Improved production of lipid contents by cultivating Chlorella pyrenoidosa in heterogeneous organic substrates

  • Hesam KamyabEmail author
  • Shreeshivadasan Chelliapan
  • Chew Tin Lee
  • Tayebeh Khademi
  • Ashok Kumar
  • Krishna Kumar Yadav
  • Shahabaldin Rezania
  • Sandeep Kumar
  • Shirin Shafiei Ebrahimi
Original Paper


The study is aimed to enhance the productivity of microalgal culture by varying the organic and inorganic components during wastewater treatment. A model organism Chlorella pyrenoidosa (C. pyrenoidosa) was grown in four different sources of wastewater namely piggery, palm oil mill effluent (POME), mixed-kitchen, and domestic wastes. The growth efficacy of C. pyrenoidosa on POME was tested for their ability to remove nutrients. It was observed that POME showed the highest chemical oxygen demand of 700 mg L−1. Meanwhile, the piggery waste had the highest amount of total nitrogen of 590 mg L−1. C. pyrenoidosa species were reported to grow well with different nutrient sources and produce high levels of lipids. The highest content of chlorophyll a was obtained with POME (3 mg L−1) and domestic wastes (2.5 mg L−1). The optimum growth rate of C. pyrenoidosa was reported for POME as a substrate. Also, the results indicated the lipid content for POME (182 mg L−1), domestic sample (148 mg L−1), piggery (0.99 mg L−1), and mixed-kitchen wastes (117 mg L−1). The results above revealed that among the tested substrates, POME could be the best alternative for C. pyrenoidosa to improve the yield of lipids and ultimately, biofuels production. Therefore, the treatment of POME in wastewater using C. pyrenoidosa can boost clean technology and energy generation. In future studies, the screening of other waste effluents is needed to cultivate the microalgae and enhance biomass production to meet increasing energy demands and waste treatment applications.

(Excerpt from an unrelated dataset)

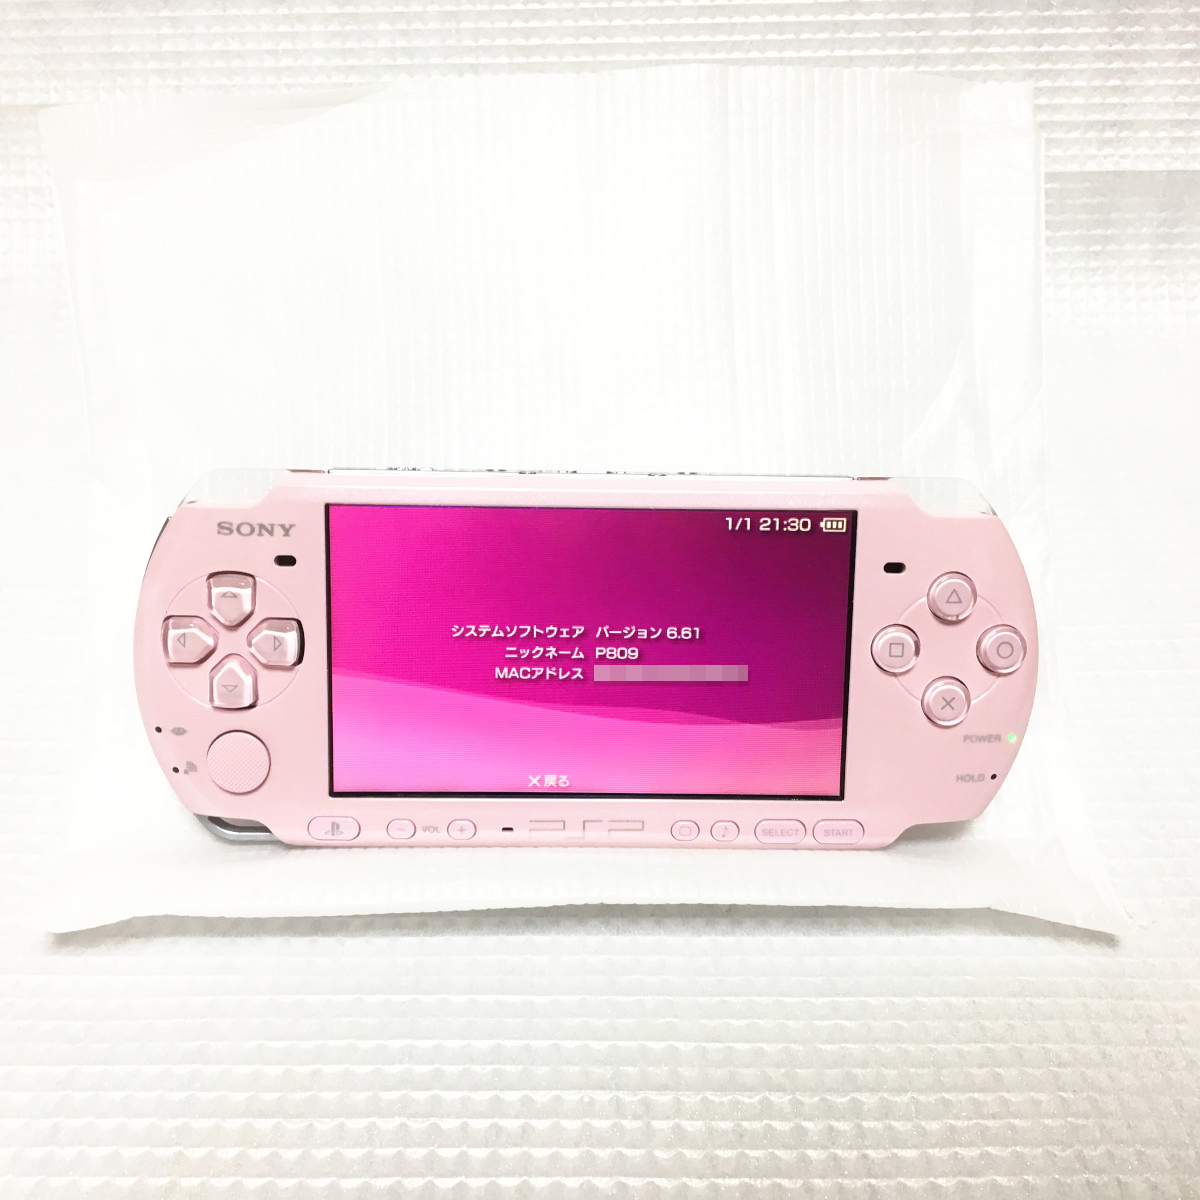  SONY PSP 3000 本体 ブロッサム・ピンク PSP-3000ZP 箱 説明書付 完品 希少 美品 未使用に近い プレイステーションポータブル  PSP-3000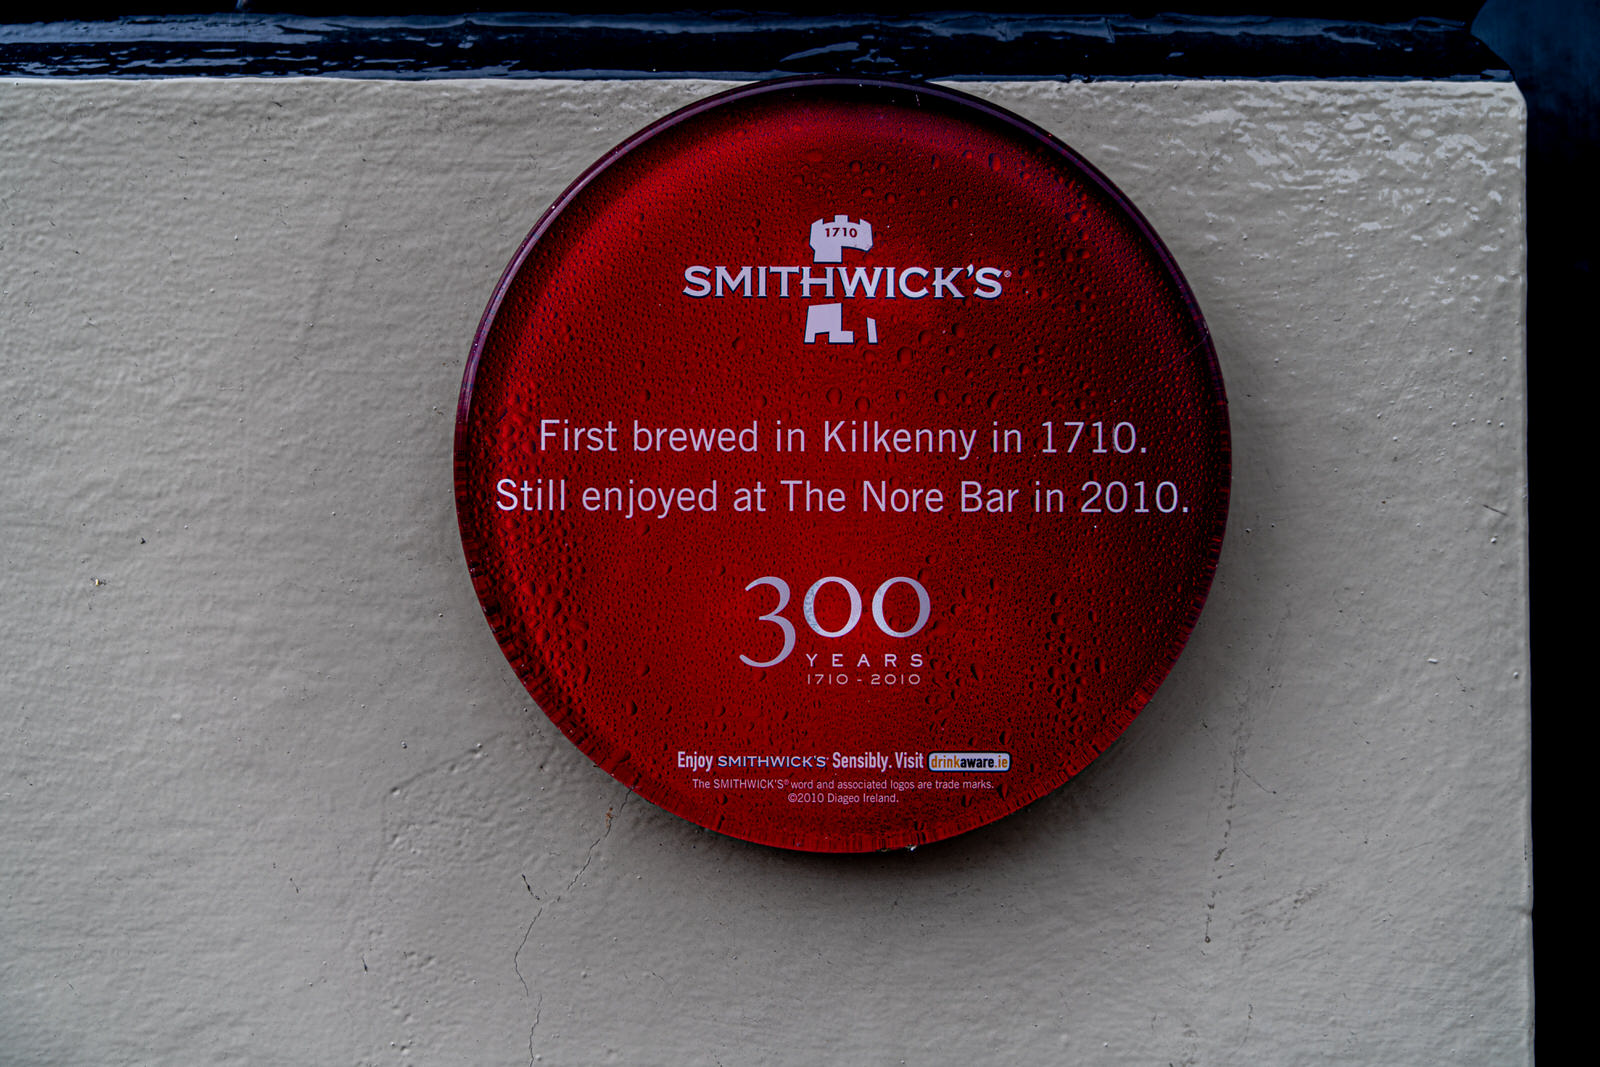  Smithwicks brewery was founded in Kilkenny in 1710 by John Smithwick and run by the Smithwick family of Kilkenny until 1965

Chlorella pyrenoidosa Lipid content Organic substrate Wastewater 



The authors would like to thank anonymous referees and editors for their constructive comments on the initial draft of the article. Also, the authors are grateful to IPASA, RAZAK School, and MJIT at Universiti Teknologi Malaysia (UTM) for providing adequate facilities to conduct this research; as well as Algaetech Sdn. Bhd. for their generous support. The first author is a researcher of UTM under the Post-Doctoral Fellowship Scheme (PDRU Grant) for the project: “Enhancing the lipid growth in algae cultivation for biodiesel production with Vote Number: Q. J130000.21A2.03E95 and Fundamental Research Grant Scheme (FRGS) with Vote Number: R. K130000.7856.5F049”. The authors would also like to acknowledge the supports from Dr.Amirreza Talaeikhozani, Mr.Rahim Kamyab and Mr.Parsa Kamyab in the research.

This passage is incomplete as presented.